Blood circulation

Dominik Wujastyk ucgadkw at UCL.AC.UK
Tue Jul 6 11:14:47 UTC 1999

On Mon, 5 Jul 1999, Alok Kumar wrote:

> (From Susruta Samhita, sutrasthana, 14: 19-20)  If this is correct, it
> is easy to assume that the Hindus knew about the blood circulation
> much before Harvey.  I do not have a copy of Susruta Samhita to check
> the validity of the above quotation.

The passage is in fact from SuSu 14:3, and it concerns not blood (rakta,
"sonita), but chyle (rasa), i.e., the juice to which food is reduced by
cooking in the digestive fire, and before it is converted into blood in
the liver and spleen. The passage (Velthuis encoding) runs as follows:


SuSu 14:3

tatra paa~ncabhautikasya caturvidhasya .sa.drasasya
dvividhaviiryasyaa.s.ta vidhaviiryasya vaa
'nekagu.nasyopayuktasyaahaarasya samyakpari.natasya yastejobhuuta.h
saara.h paramasuuk.sma.h sa rasa.h, ityucyate, tasya h.rdaya.m sthaana.m,
sa h.rdayaaccaturvi.m"satidhamaniiranupravi"syordhvagaa da"sa da"saa
dhogaaminya"scatasra"sca tiryaggaa.h k.rtsna.m "sariiramaharahastarpayati
vardhayati dhaarayati yaapayati caad.r.s.tahetukena karma.naa| tasya
"sariiramanu sarato 'numaanaadgatirupalak.sayitavyaa
k.sayav.rddhivaik.rtai.h tasmin
sarva"sariiraavayavado.sadhaatumalaa" rase
jij~naasaakimaya.m saumyastaijasa iti atrocyatesa khalu dravaanusaarii
snehanajiivanata rpa.nadhaara.naadibhirvi"se.sai.h saumya ityavagamyate 3


Apart from the fact that this does not describe blood, but rasa, it is
important to note that it also does not describe circulation, but
uni-directional river-like flow.  I.e., rasa moves from the heart
(ablative) outwards along the 24 pipes (dhamanis, usually the bearers of
vaata).  It doesn't go round; it doesn't go to the lungs (which are not
clearly described in ayurveda).  It doesn't come back.  The verb you get
is "anusarati", but this doesn't mean "circulate", but "seek" or "follow"
(you would want the prefix "pari" to give any sense of going round).  The
general scientific metaphor, which is made explicit elsewhere (SuSa 7.3),
is that of the irrigation of gardens and fields.

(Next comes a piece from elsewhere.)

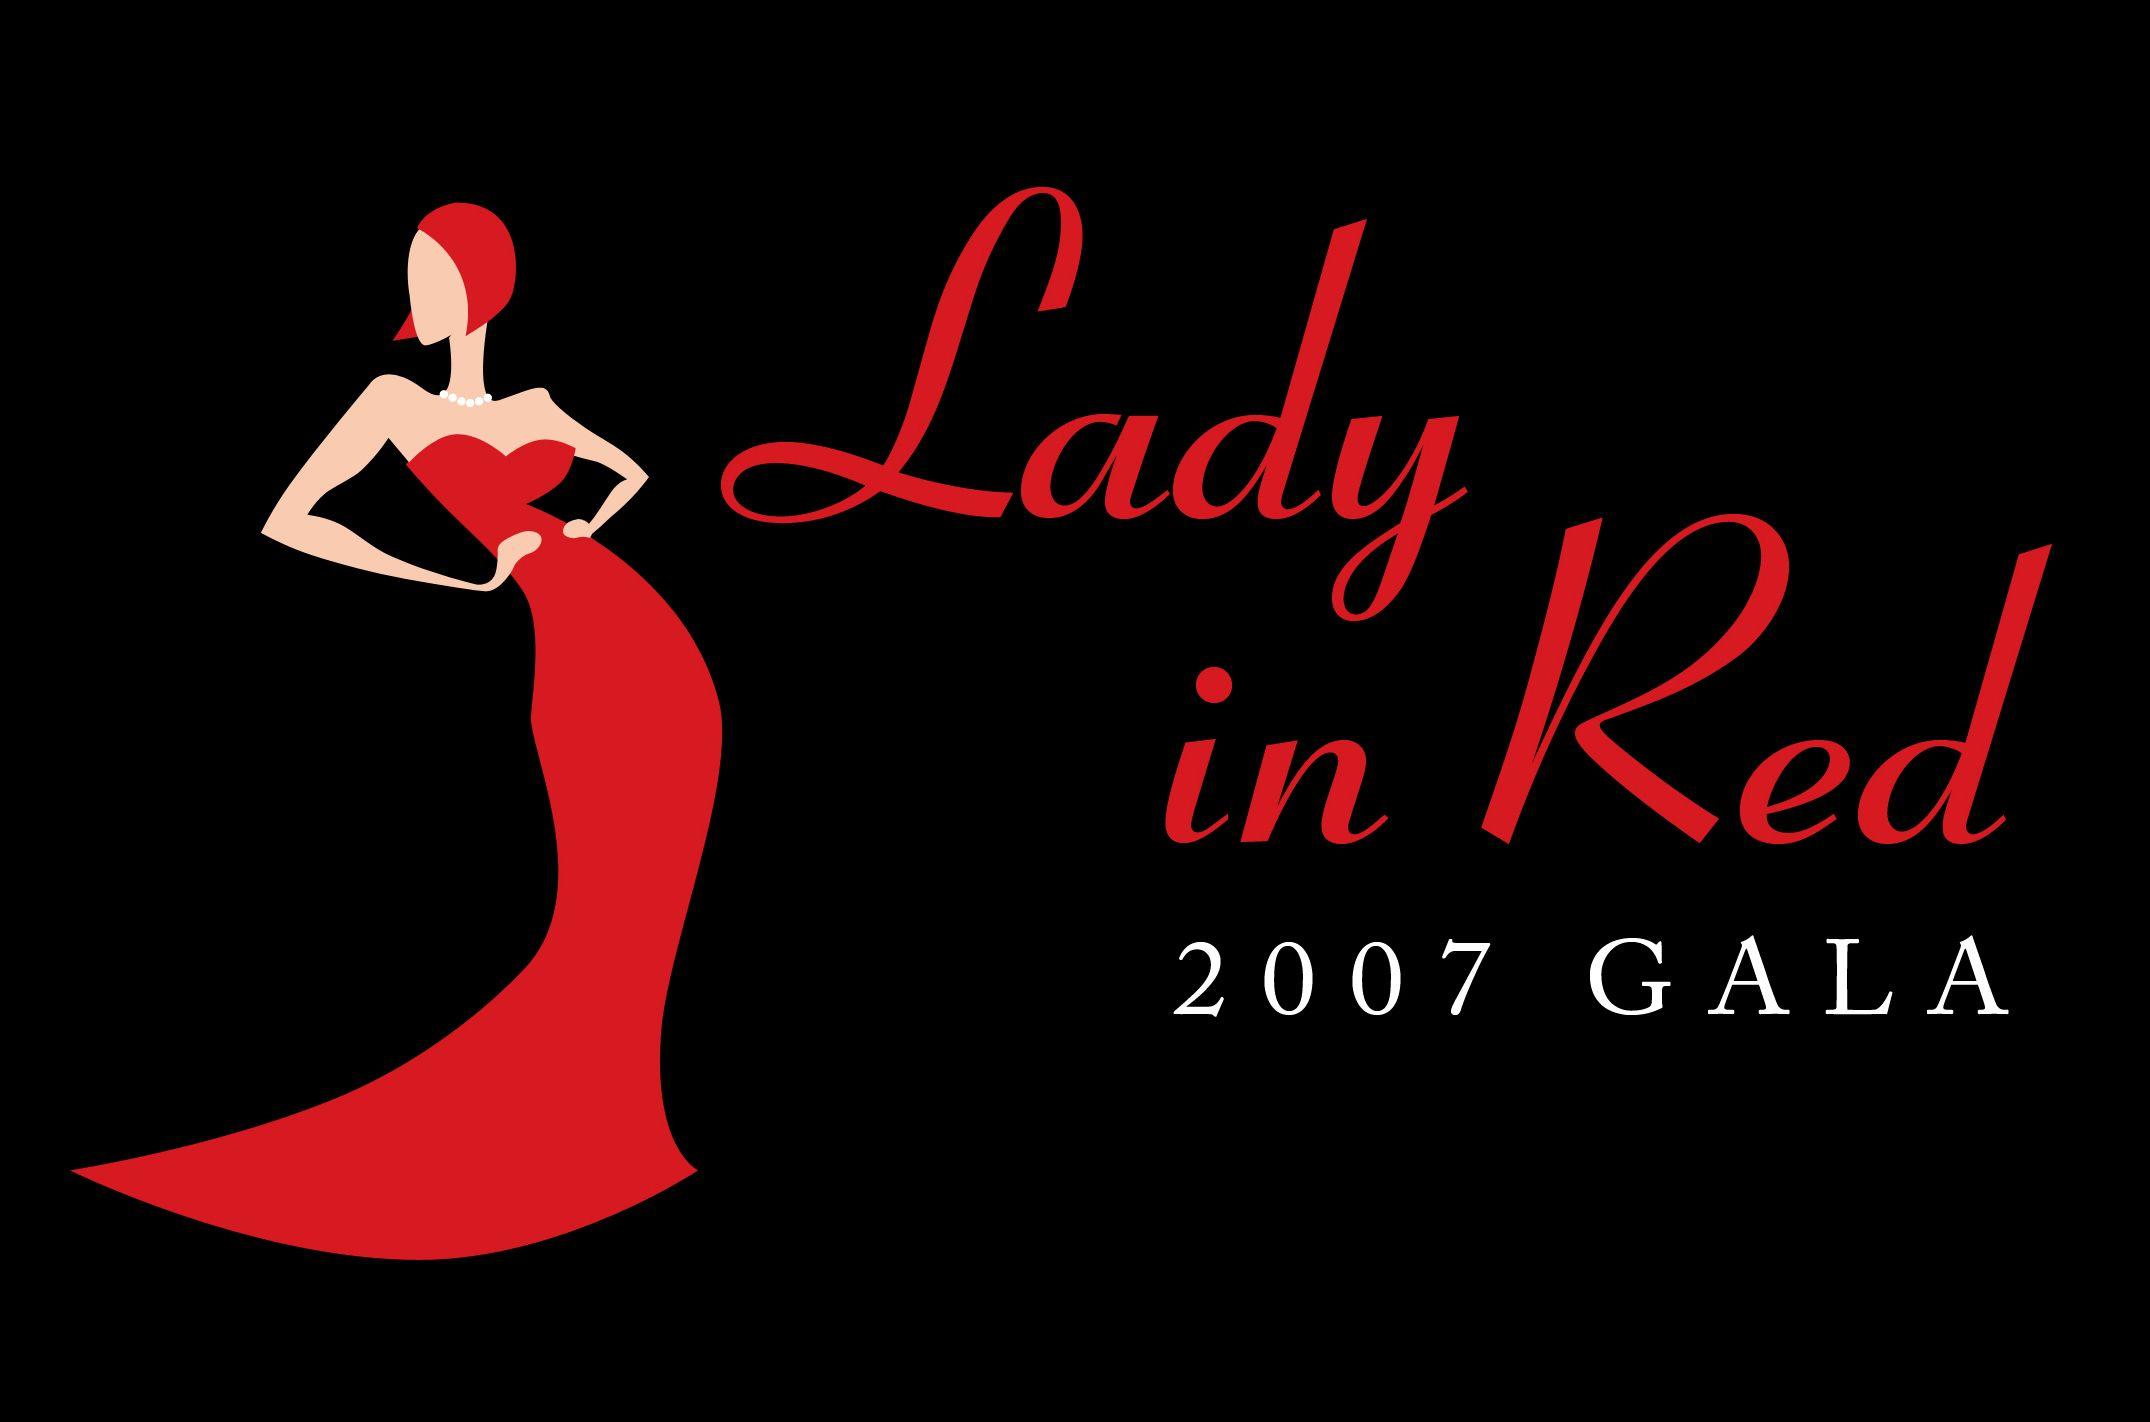 Red Lady Logo - lady logo - Google Search | idea of lady's love logo design | Logo ...
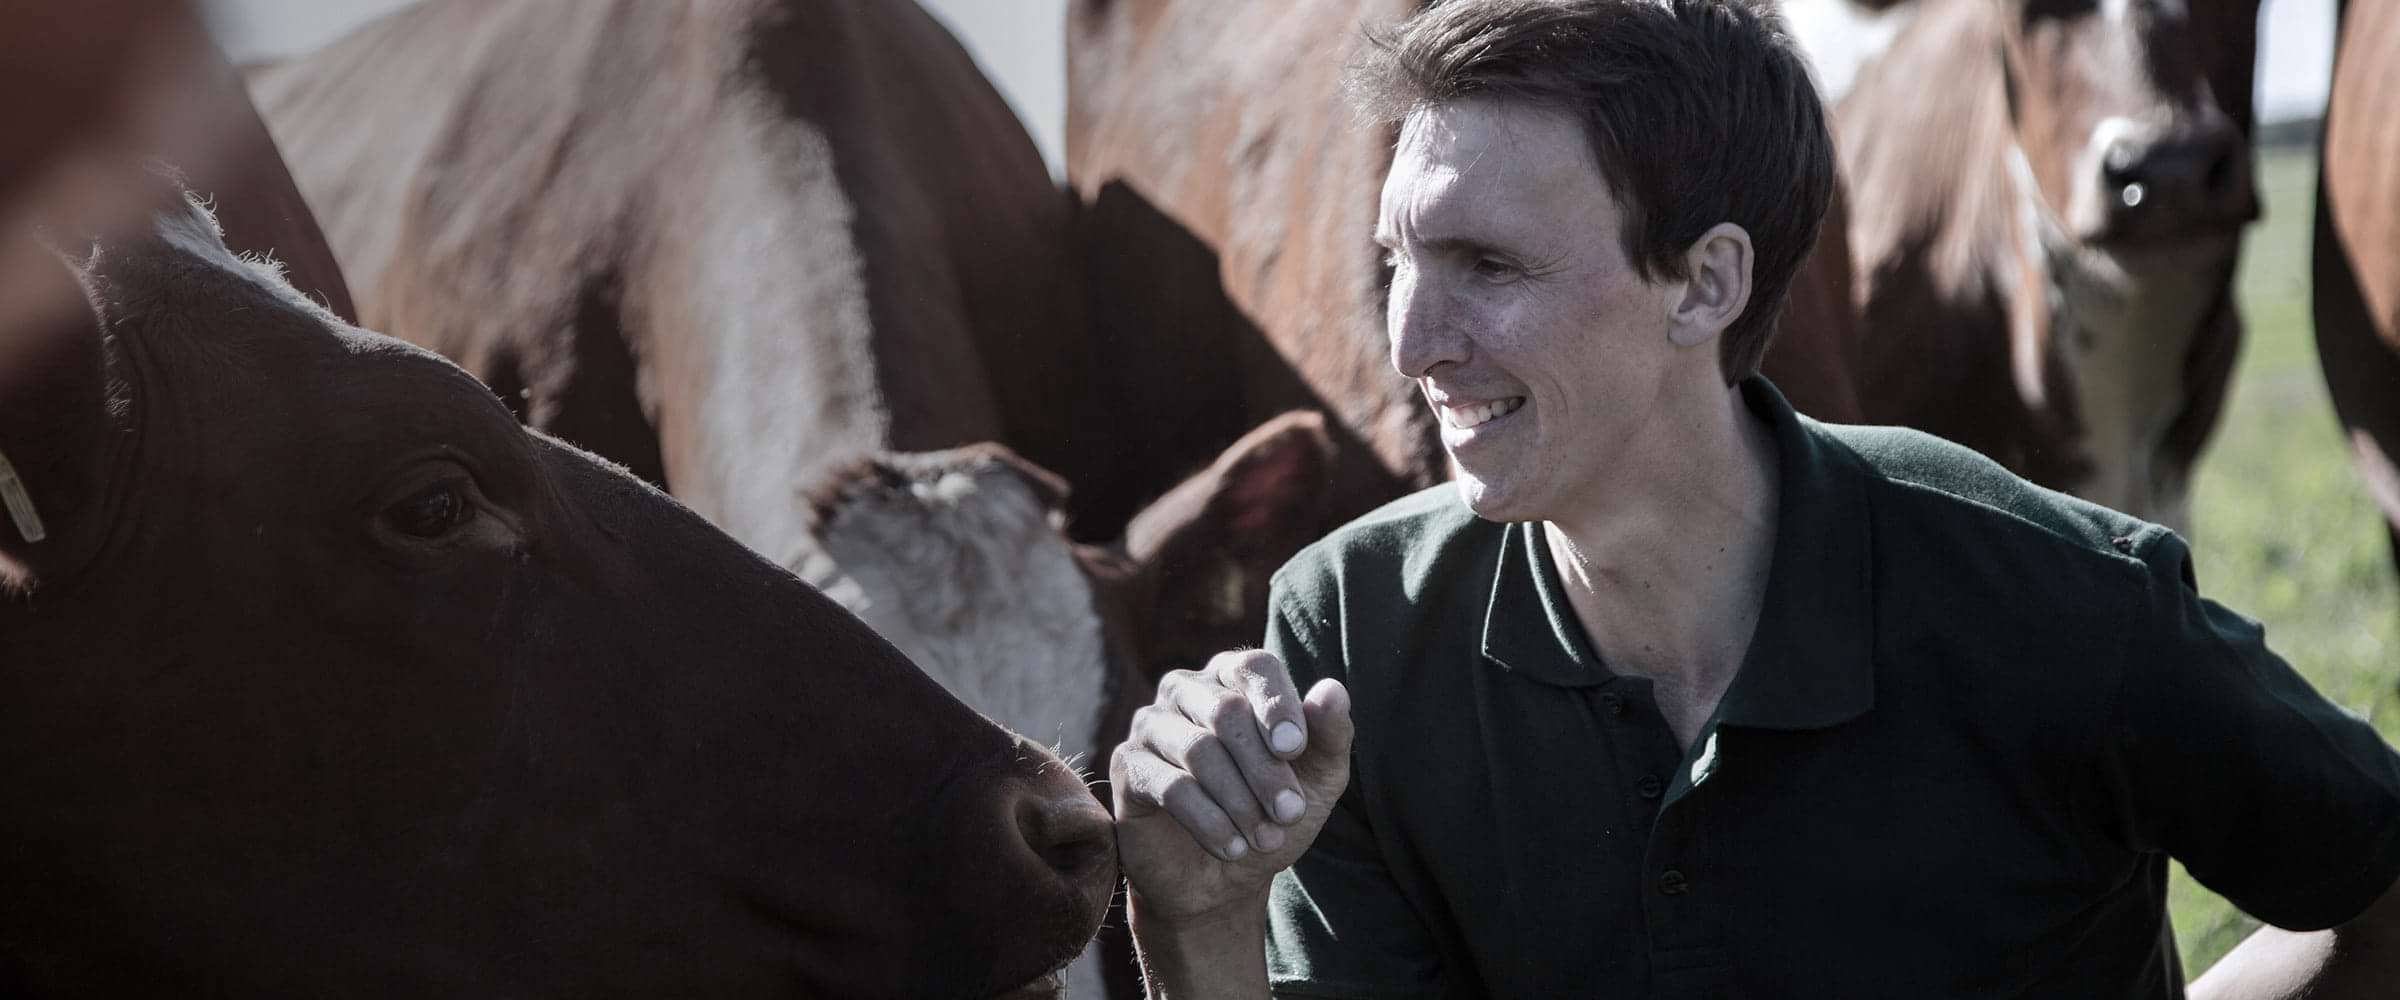 A farmer with cows

Finally, the author actually says that he doesn't know why any of this
happens:  "ad.r.s.tahetukena karma.naa".

You ask about Su's date:

"The upshot, after taking account of these and other arguments, is that in
Susruta's text we have a work the kernel of which probably started some
centuries BC in the form of a text mainly on surgery, but which was then
heavily revised and added to in the centuries before AD 500.  This is the
form in which we have received the work in the oldest surviving
manuscripts today."

                -- Roots of Ayurveda, p.105


I find these questions interesting, and I am not surprised or offended
that people without deep study of these matters assume that everything
must be already pre-discovered in the Sanskrit texts.  This is, after all,
merely an extension of the pure orthodox position that all knowledge is in
the Veda.  Generations of people have been taught this from childhood.
And in fact, there are many surprising and original insights in Sanskrit
texts, which is why they are so enjoyable and interesting.  But blood
circulation does not happen to be one of them.

However, it is true that perhaps beginners should not be posting to this
list, which assumes a university-level acquaintance with original sources.